The recent development of optogenetic tools provides a novel method for isolating the action of specific afferent projections to neurons in a region with heterogeneous anatomical connectivity. In this study, we used a viral vector to express channel rhodopsin-2 (ChR2) in neurons of the NAc of rats and optically stimulated their axon terminals during ex vivo whole-cell recordings from VTA neurons in a midbrain slice. We found that NAc MSNs target non-dopaminergic VTA neurons, including non-dopaminergic neurons that project back to the NAc. Moreover, this connection is mediated by GABAA receptors and is inhibited by μ-opioids, providing a potential mechanism for opioid reward.

Materials and Methods

Animals.

Surgeries were performed on 27- to 29-d-old (70–80 g) male Sprague Dawley rats. Animals were anesthetized with isoflurane. Adeno-associated virus containing ChR2–tdtomato (AAV2/1 CAG::ChR2.tdtomato, a kind gift from Karel Svoboda) was bilaterally injected (1 μl in each side) using a Hamilton syringe stereotaxically placed into the NAc shell (anteroposterior, +1.5 mm from bregma; mediolateral, ±0.8 mm from bregma; ventral, −6.7 mm from skull surface). The injector was left in place for 5 min, raised 1 mm, and left for an additional 5 min before being completely removed. Animals were then returned to their home cages for 14–17 d before electrophysiological experiments were performed. For retrograde tracer experiments, neuro-DiI (0.3 μl, 7% in ethanol; Biotium) was slowly injected (over 5 min) into the NAc 2–3 h after the injection of the virus. Only data from rats in which the infection was confirmed were accepted.

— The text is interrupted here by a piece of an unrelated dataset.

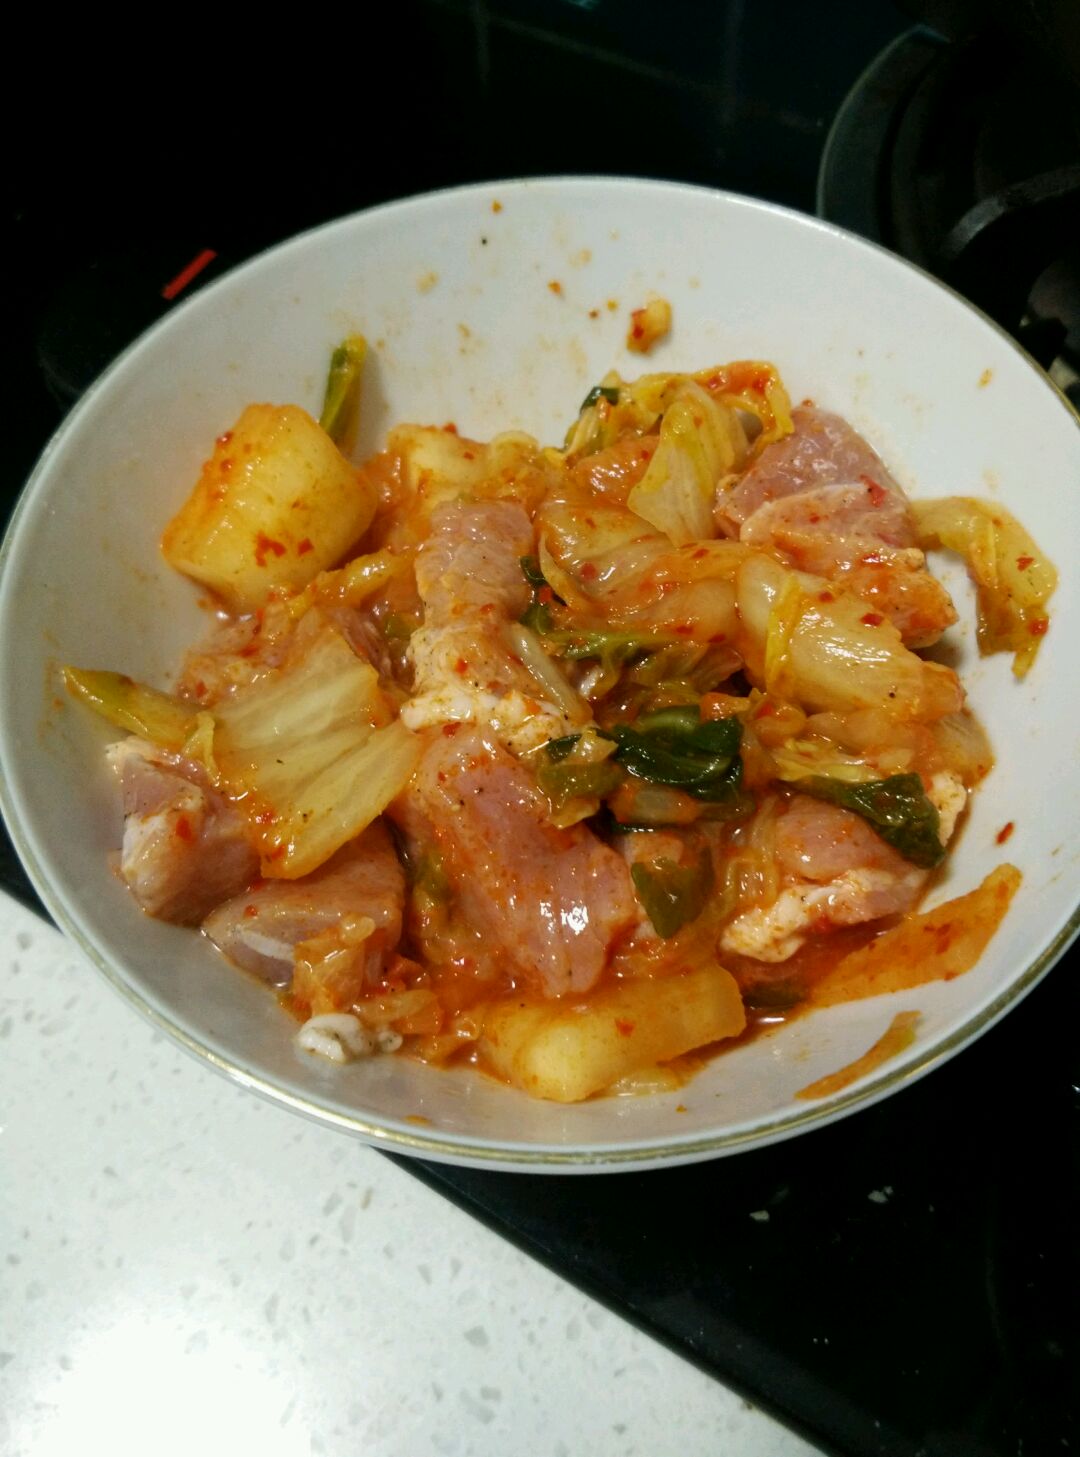 韓式泡菜炒肉(2人份) - DiDi Chang 2013/05/14 一起做 - 愛料理
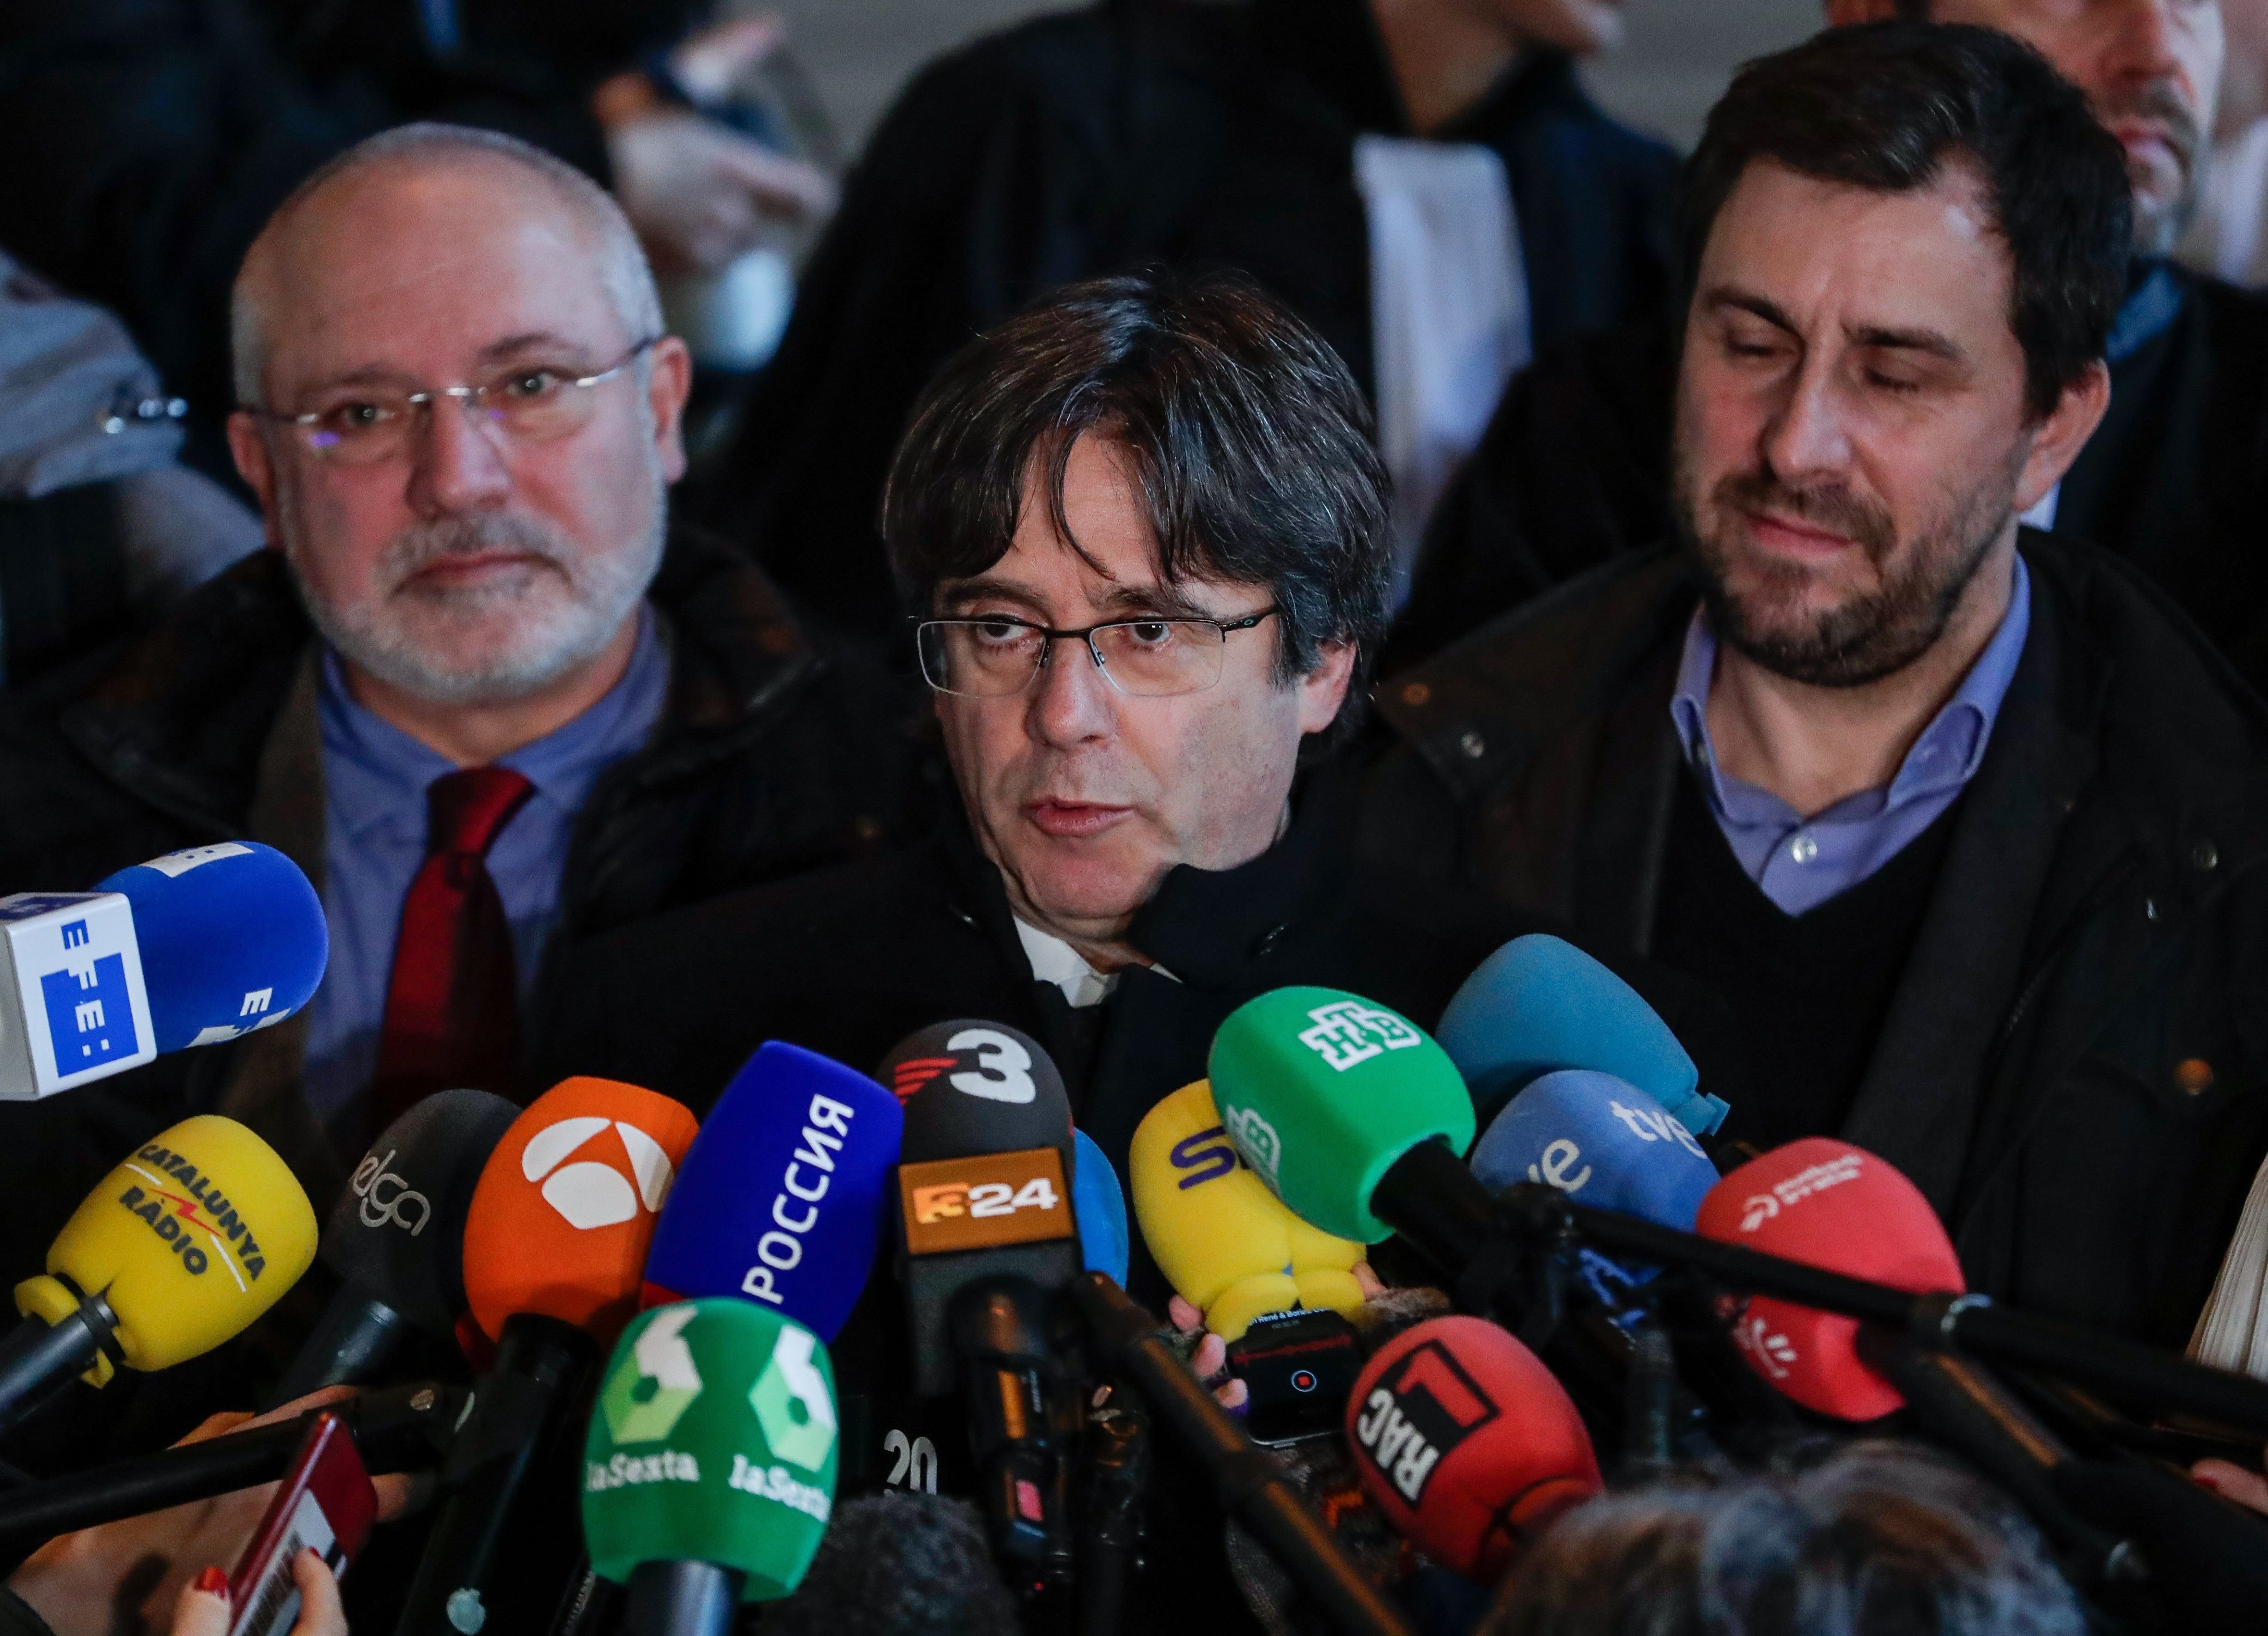 El paperot de la premsa espanyola en l’afer Zozulia, segons Puigdemont

Slice preparation and electrophysiology.

Coronal NAc slices (350 μm thick) or horizontal midbrain slices (150–200 μm thick) including the VTA were prepared using a vibratome (Leica Instruments) in artificial CSF (ACSF) containing the following (in mm): 119 NaCl, 2.5 KCl, 1.3 MgSO4, 1.0 NaH2PO4, 2.5 CaCl2, 26.2 NaHCO3, and 11 glucose (saturated with 95% O2/5% CO2). Slices were submerged in ACSF and allowed to recover for >1 h at room temperature.

Individual slices were visualized under an upright microscope with differential interference contrast optics and infrared and epifluorescent illumination. Whole-cell recordings were made with 2.5–4 MΩ pipettes containing the following (in mm): 123 K-gluconate, 10 HEPES, 0.2 EGTA, 8 NaCl, 2 MgATP, and 0.3 Na3GTP, pH 7.2 (osmolarity adjusted to 275 mOsm). In some experiments, 0.1% biocytin was included in the recording solution. Recordings were made using a Multiclamp 700A or Axopatch 1-D amplifier (Molecular Devices), filtered at 2 kHz, and collected at 5 kHz using procedures written for Igor Pro (Wavemetrics).

ChR2 was stimulated by flashing 470 nm light (1–5 ms) through the light path of the microscope using a high-powered LED (XR-E XLamp LED; Cree) powered by an LED driver (Mightex Systems) under computer control. Electrically evoked GABAB IPSCs were isolated with picrotoxin (100 μm), DNQX (10 μm), sulpiride (10 μm), strychnine (1 μm), and d-AP-5 (10 μm) and were evoked with a train of seven pulses given once every 30 s through a bipolar stimulating electrode placed ∼50 μm from the recorded neuron. Light-evoked IPSC amplitudes were calculated by comparing a 2 ms period at the peak of the response with a similar period just before light stimulation. The significance of drug effects was determined comparing the last 4 min of baseline with the last 4 min of drug application. Baclofen currents were determined by measuring a 1 min average during the peak response compared with the baseline period. HCN currents (Ih) were recorded by voltage clamping cells at −60 mV and applying a series of steps from −40 to −120 mV. The Ih magnitude was measured as the difference between the initial capacitative response to the voltage step and the final current. Series resistance was monitored online by measuring the peak of the capacitance transient in response to a −4 mV voltage step applied at the onset of each sweep. All drugs were applied by bath perfusion. Stock solutions of drugs are made and diluted (typically 1:1000) into ACSF immediately before application.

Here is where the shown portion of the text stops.